Any picture in the data below gets skipped; print all the rest exactly.

**Stored data**
• • • • •
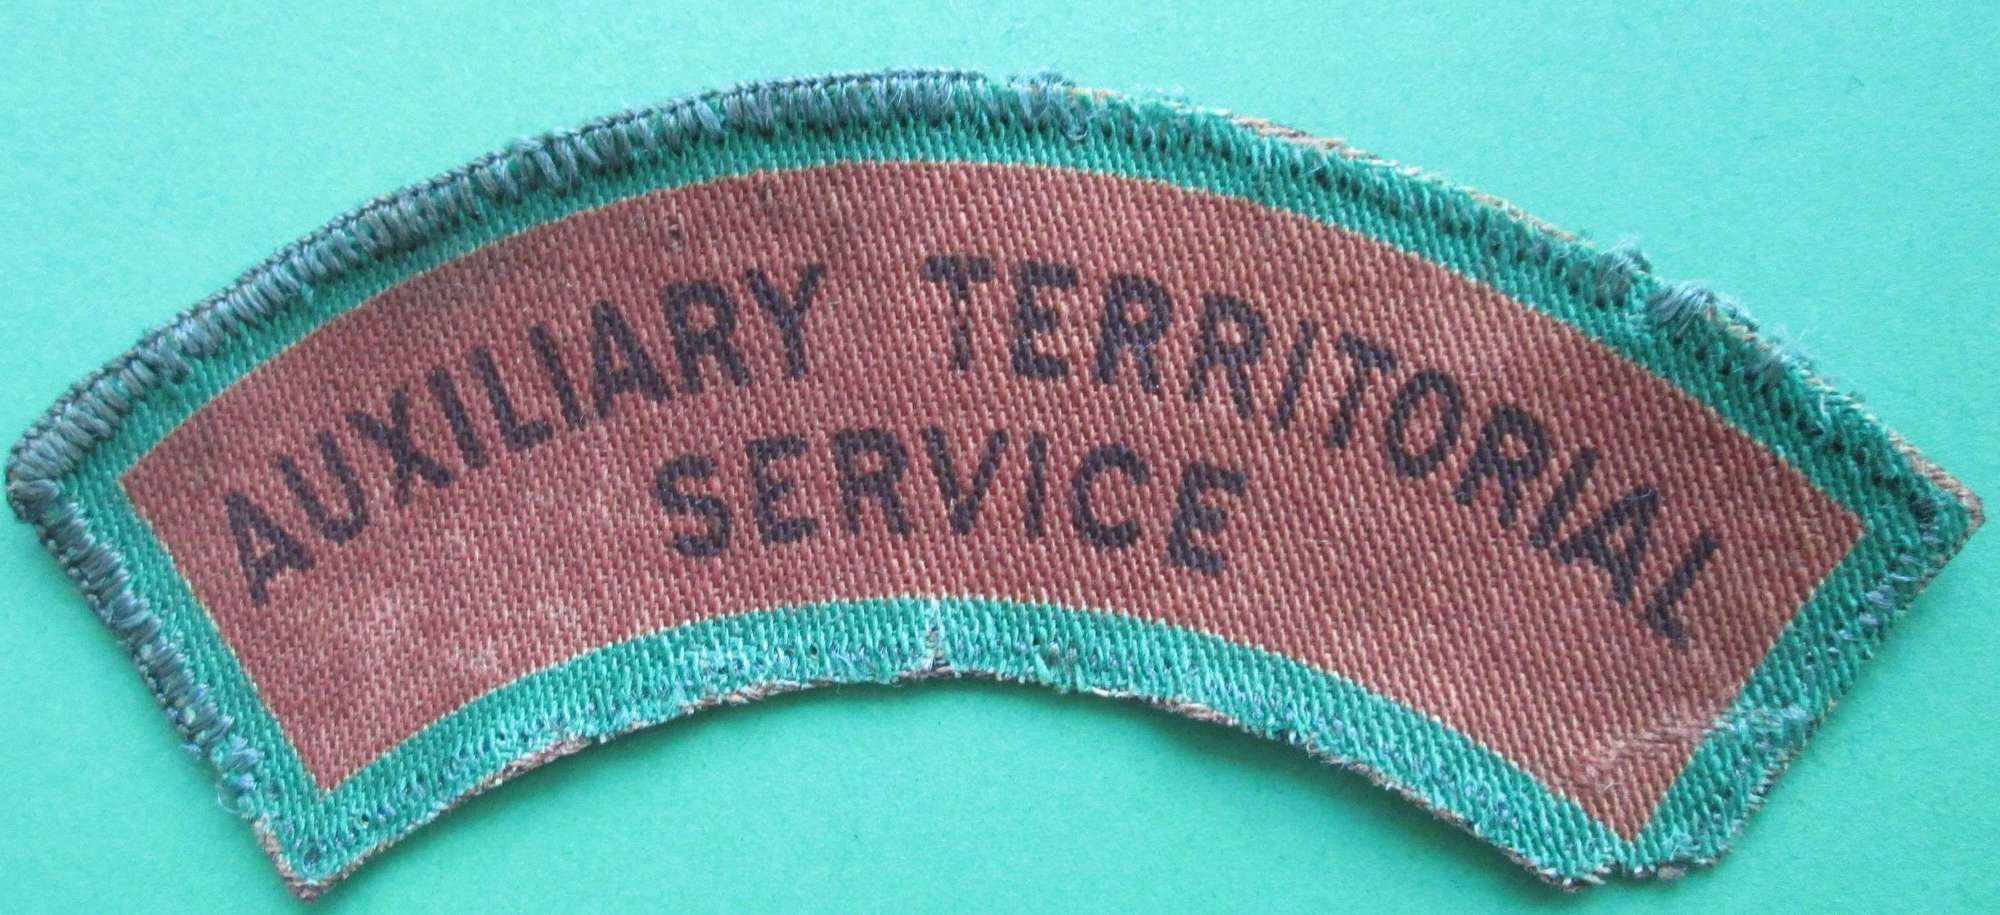 WWII PERIOD PRINTED WOMEN'S AUXILIARY SERVICE TITLE
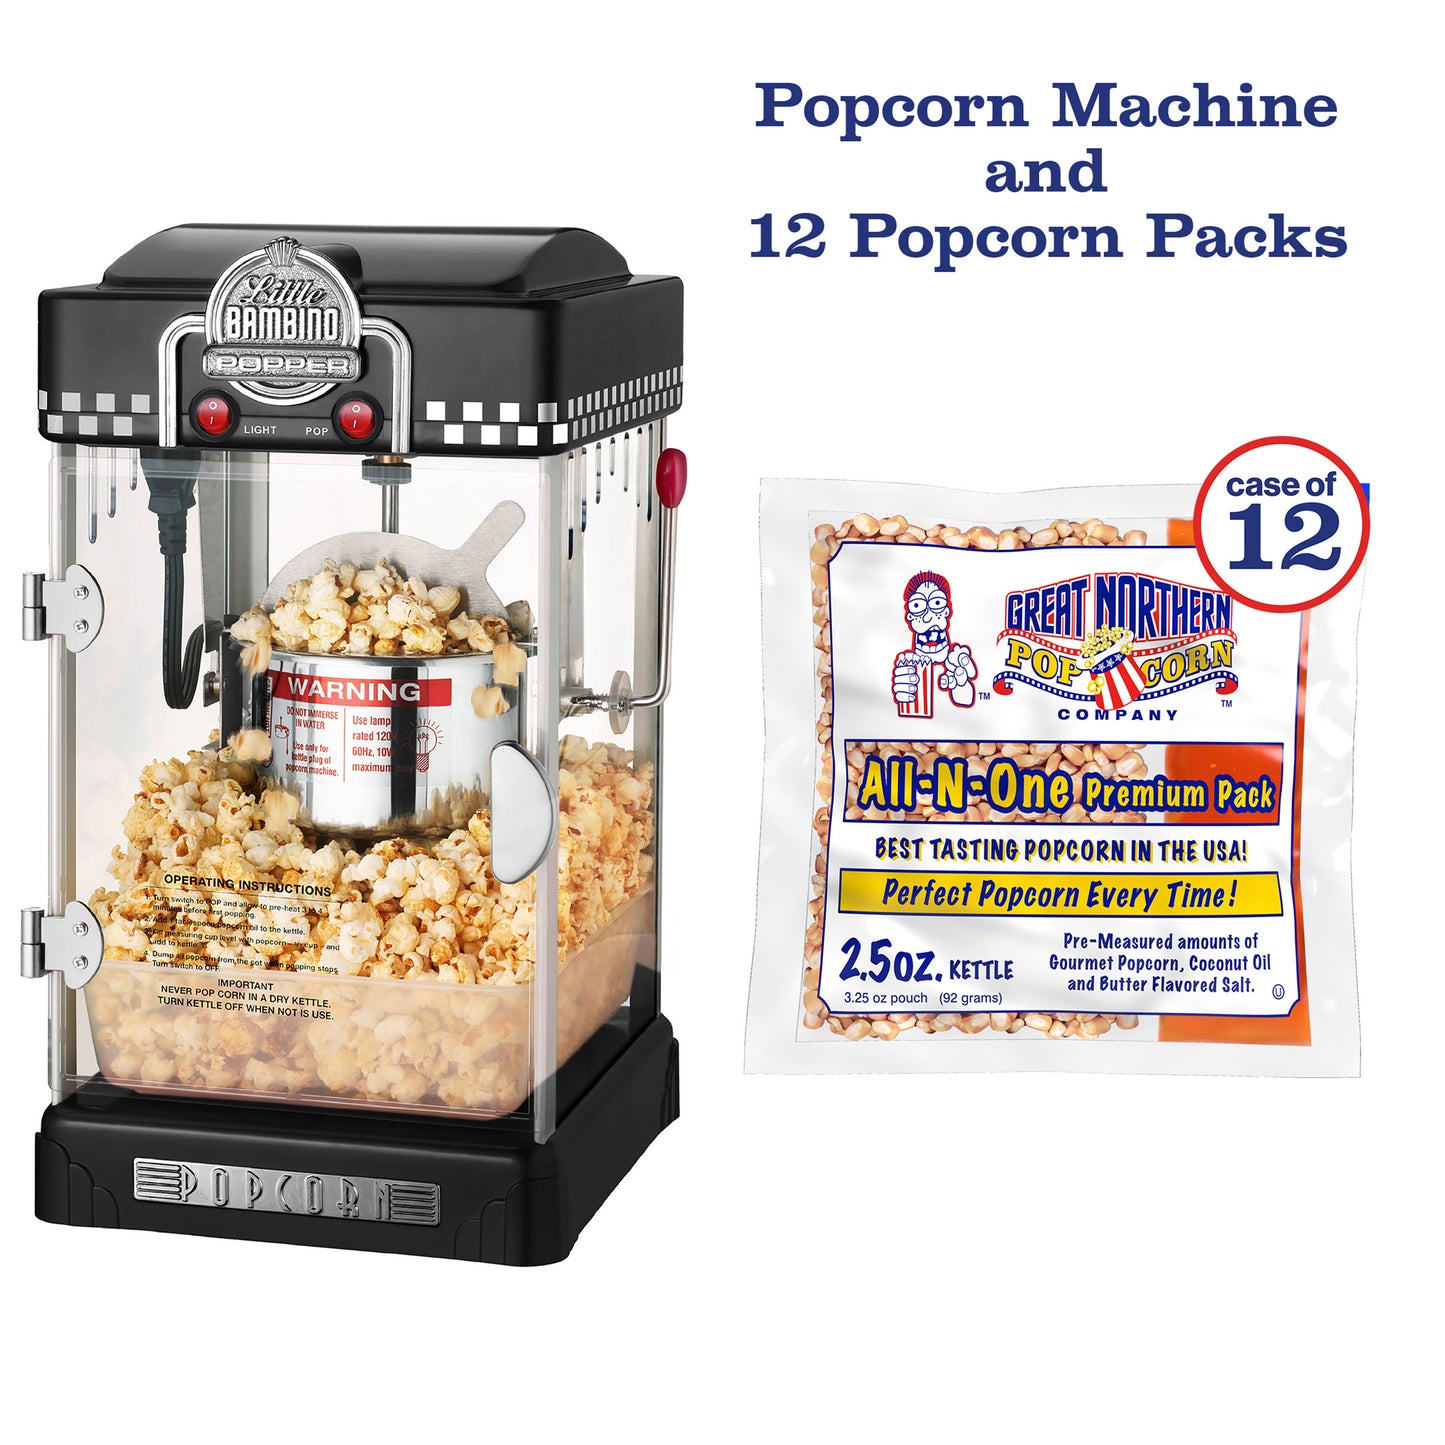 Little Bambino Popcorn Machine with 2.5 Ounce Kettle and 12 Pack of All-In-One Popcorn Kernel Packets - Black
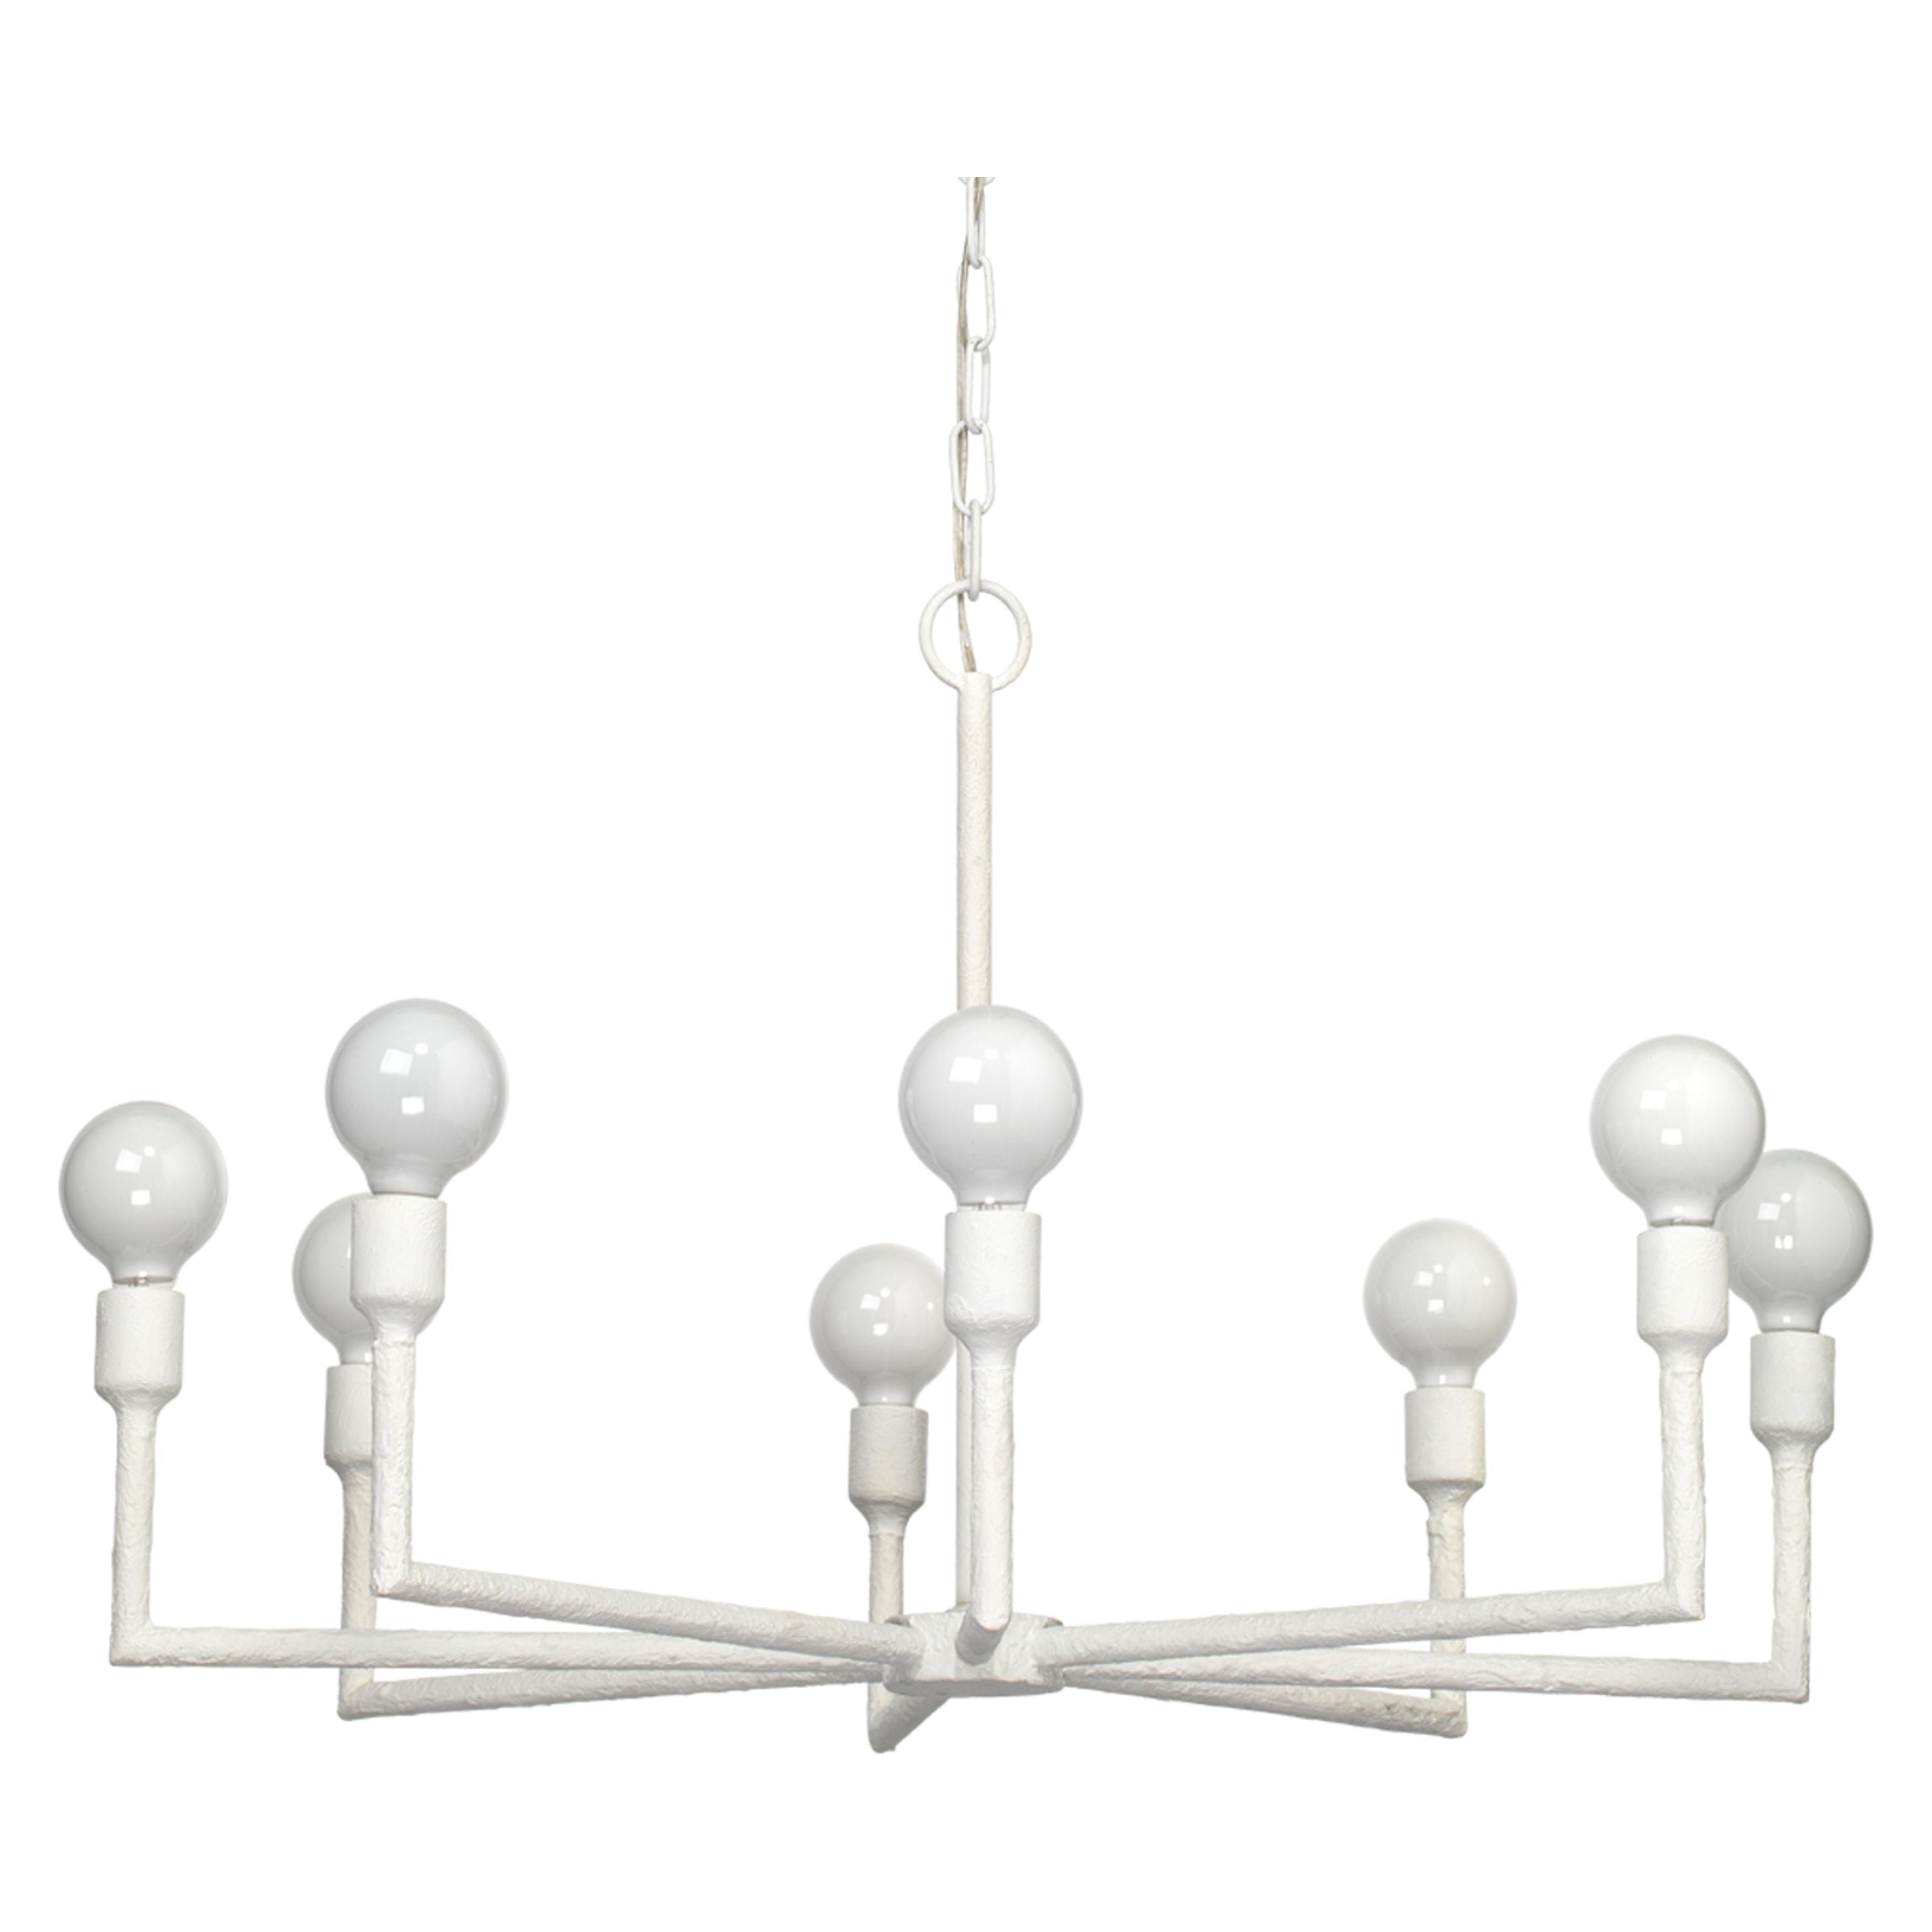 Jamie Young Company - 5PARK-CHWH - Park Chandelier - Park - White
• • • • •
**Finished exercise**
 WWII PERIOD PRINTED WOMEN'S AUXILIARY SERVICE TITLE
 Little Bambino Popcorn Machine with 2.5 Ounce Kettle and 12 Pack of All-In-One Popcorn Kernel Packets - Black
 Jamie Young Company - 5PARK-CHWH - Park Chandelier - Park - White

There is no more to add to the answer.